Interest: You pay an interest rate for the entire term of your loan. This implies that you’ll end up paying a greater overall interest if the loan’s tenure is too long. A cheap loan will have a relatively lower interest rate. There are two types of interest rates that lenders charge:

  • Variable: Variable interest rates can change over the course of your loan. Although, they are, initially, a cheaper than fixed rates.
  • Fixed: Fixed rates stay constant throughout the loan term.

Fee: Most lenders who offer secured credit don’t levy any additional charges. However, it is good practice to check what your lender is charging before signing an agreement. Here are some additional charges that you lender may ask you to pay:

  • Brokerage fee
  • Legal fee
  • Disbursement charges
  • Valuation charge

What if I want to move houses during my loan term?
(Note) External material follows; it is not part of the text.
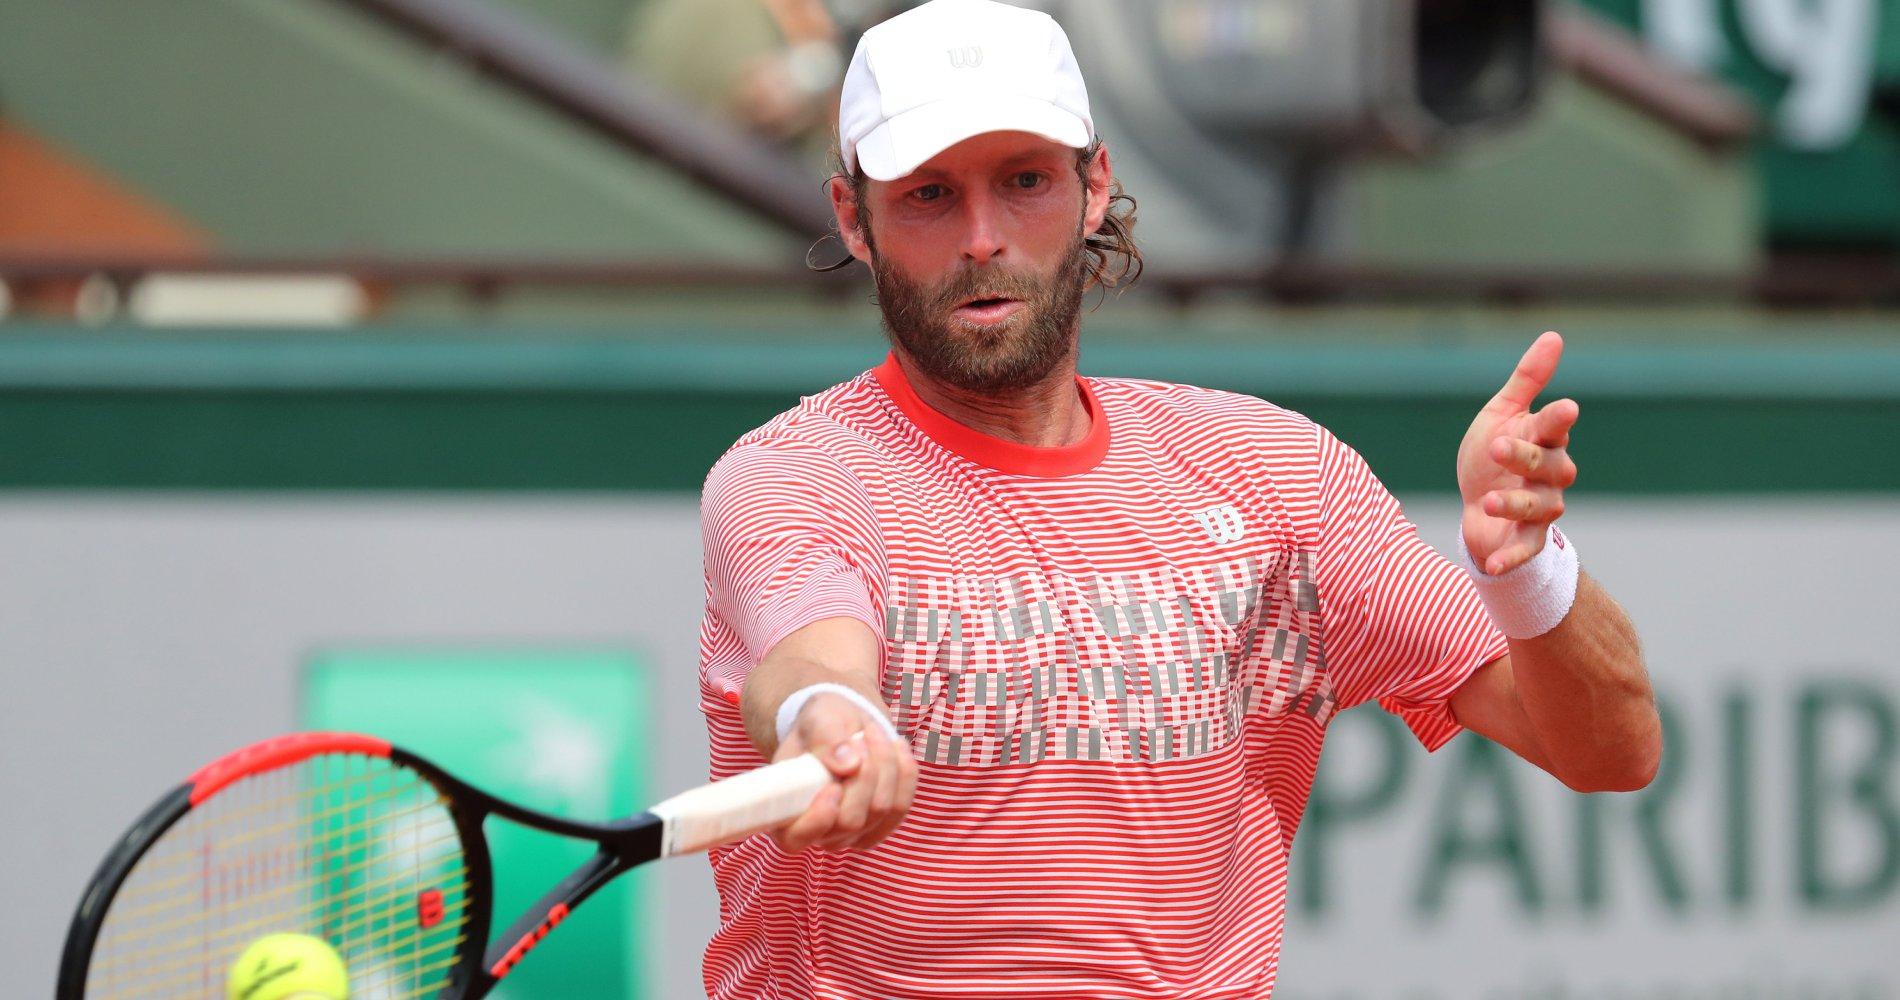 Stéphane Robert, Roland-Garros 2017

It is possible that you move houses within the term of your loan. In such a case, consider the following options:

  • Transferring the loan to a new property: Your lender may let you transfer your homeowner loan to the new property. But this comes at a price as the lender may charge an additional fee to move the loan.
  • Using the proceeds from the sale to pay the loan: The funds you receive after selling your old property can be enough to pay off the loan.
  • Taking out a new loan to repay the original one: If you’re not left with enough money after selling your old property, you could consider borrowing money to repay the loan. Although, this may impact your mortgage affordability.

Tips to successfully apply for a secured homeowner loan

Here are some tips to help you apply for a secured homeowner loan:

  • Work out the amount of money that you need to borrow.
  • Calculate your LTV.
  • Choose a practical loan term.
  • Plan your monthly repayments.
  • Check your credit score to rectify any discrepancies.